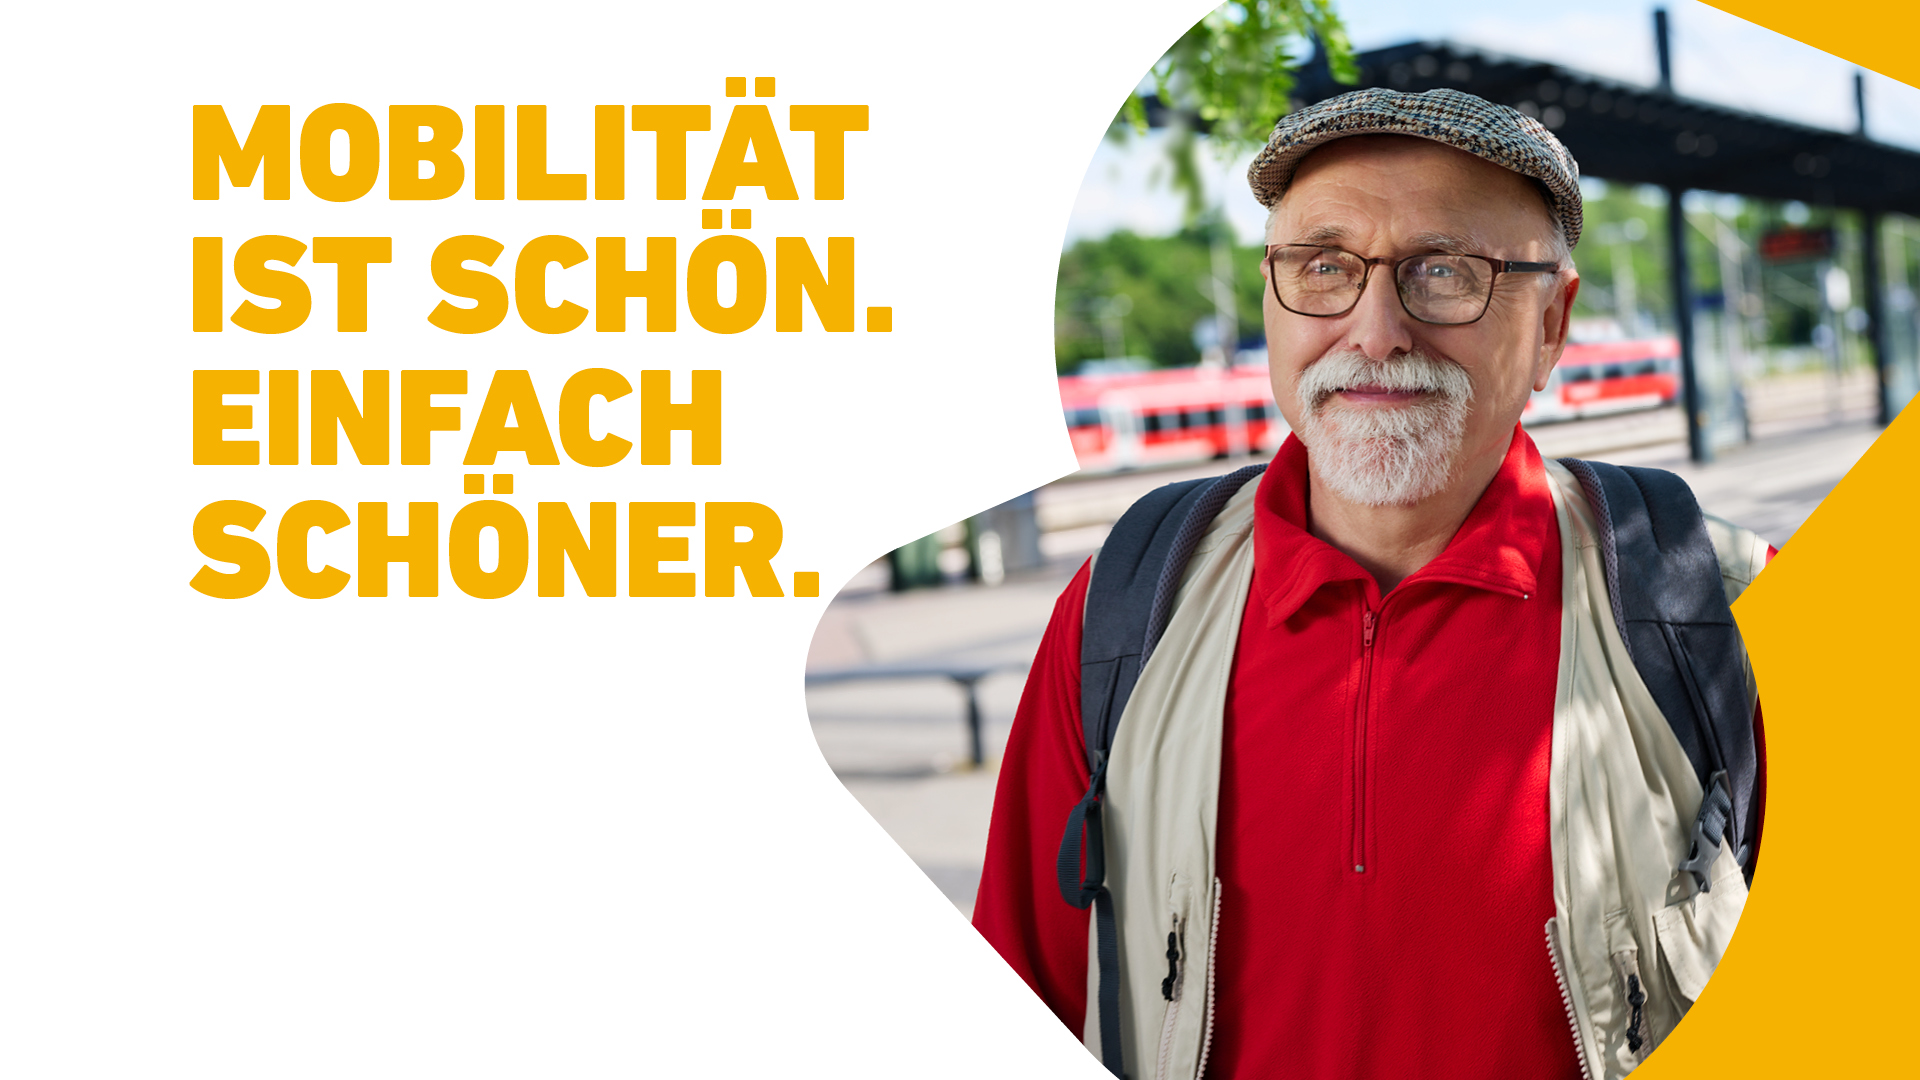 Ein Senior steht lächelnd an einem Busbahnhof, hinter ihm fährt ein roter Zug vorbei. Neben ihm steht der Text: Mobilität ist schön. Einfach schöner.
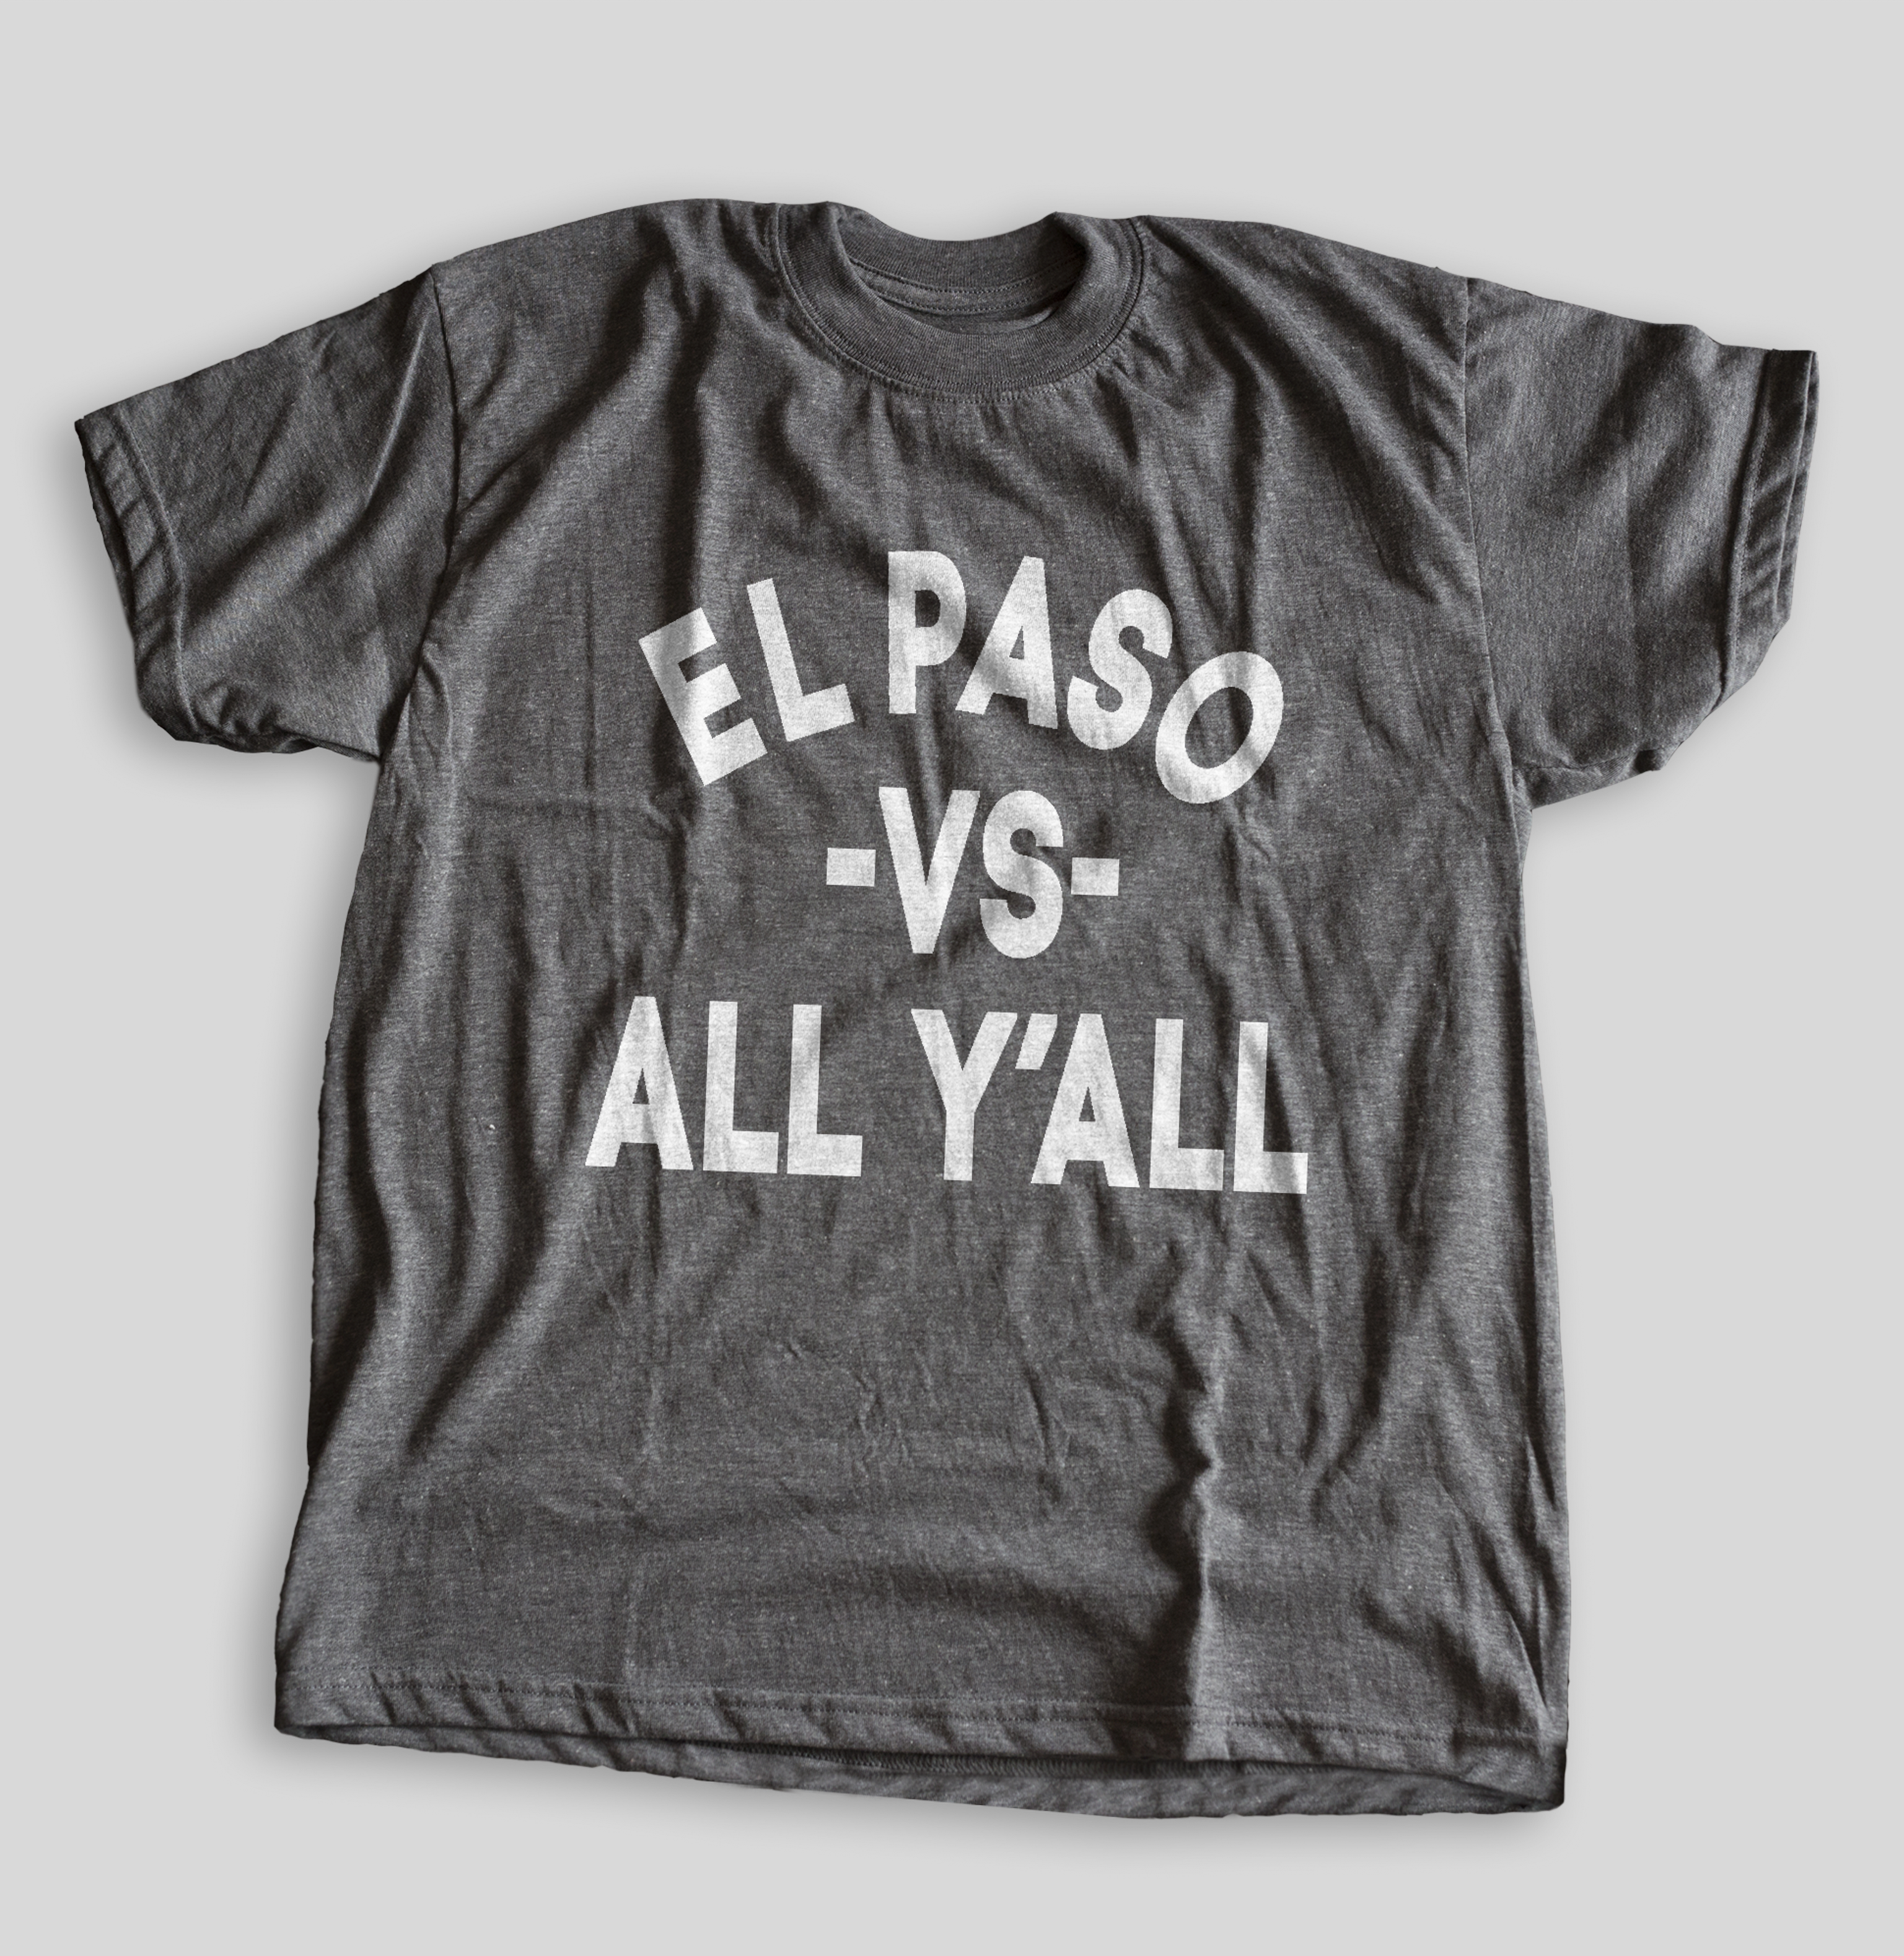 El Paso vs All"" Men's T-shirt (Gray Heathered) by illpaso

...

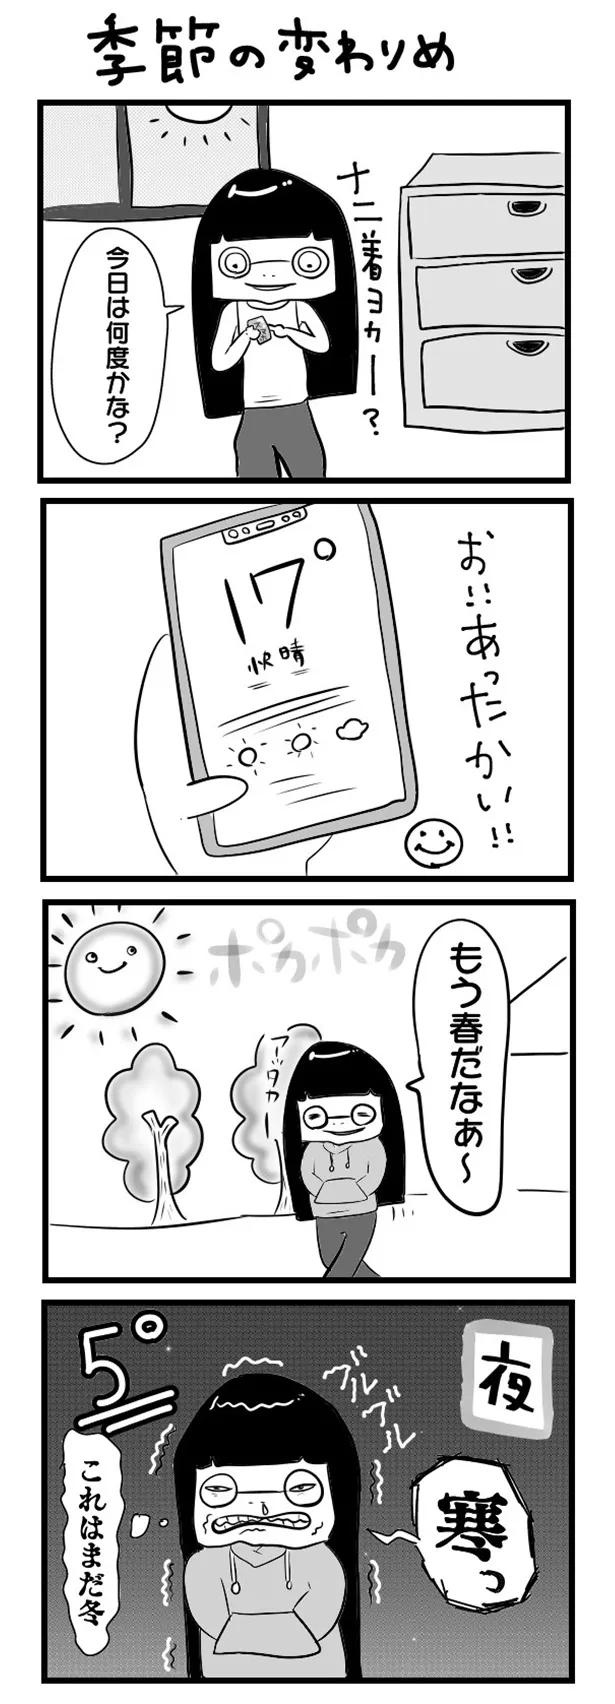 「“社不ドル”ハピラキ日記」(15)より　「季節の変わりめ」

--

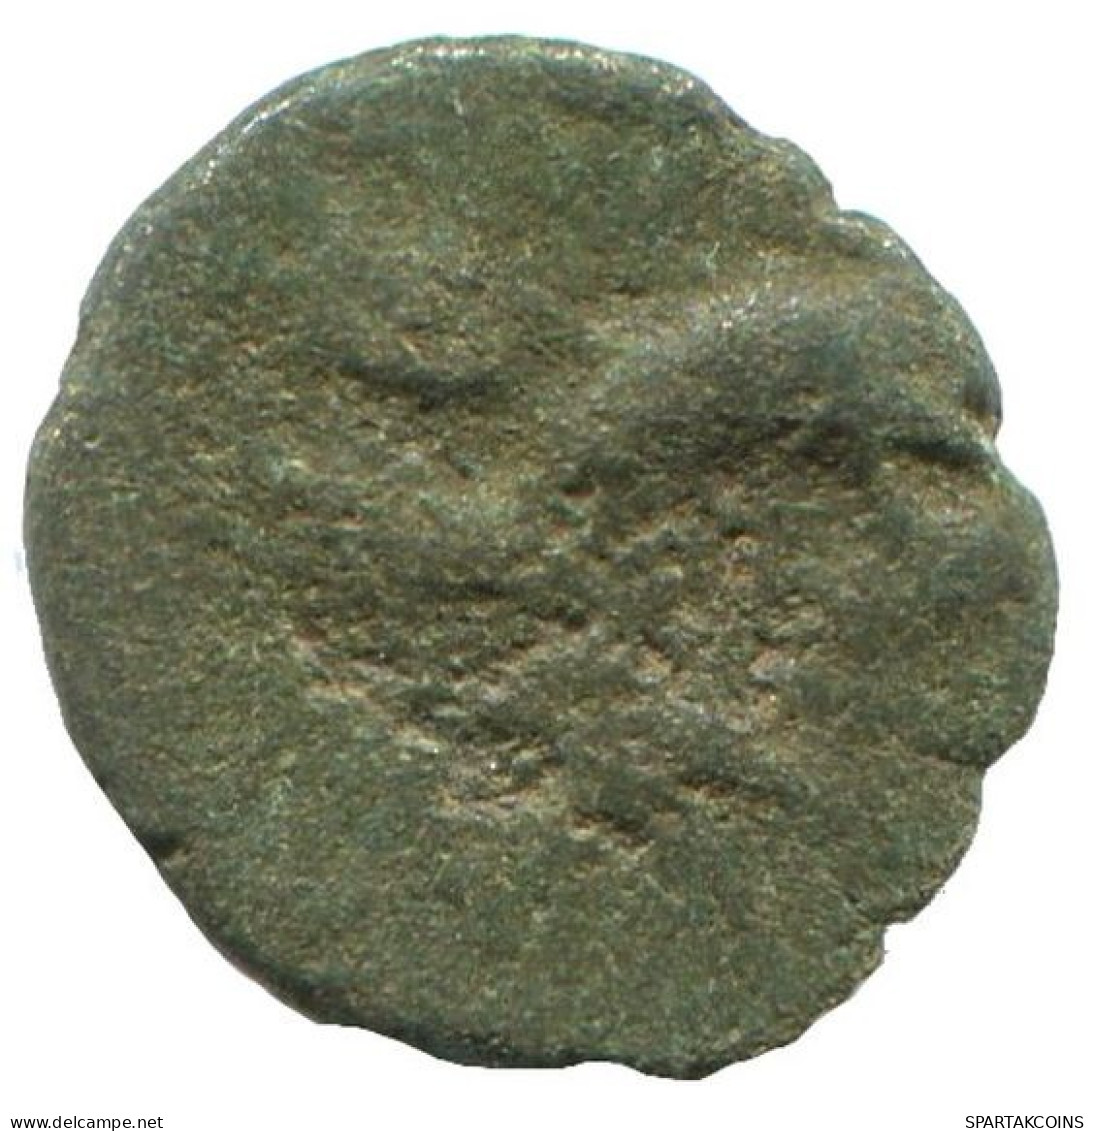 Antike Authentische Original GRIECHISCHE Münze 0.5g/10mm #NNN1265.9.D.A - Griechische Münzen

WHAT YOU NEED TO DO: Reproduce the entries exactly, from the line with "Ein Senior steht" to the line with "Heathered) by illpaso", both lines included, keeping no pictures.

EXERCISE RESPONSE:
 Ein Senior steht lächelnd an einem Busbahnhof, hinter ihm fährt ein roter Zug vorbei. Neben ihm steht der Text: Mobilität ist schön. Einfach schöner.
 El Paso vs All"" Men's T-shirt (Gray Heathered) by illpaso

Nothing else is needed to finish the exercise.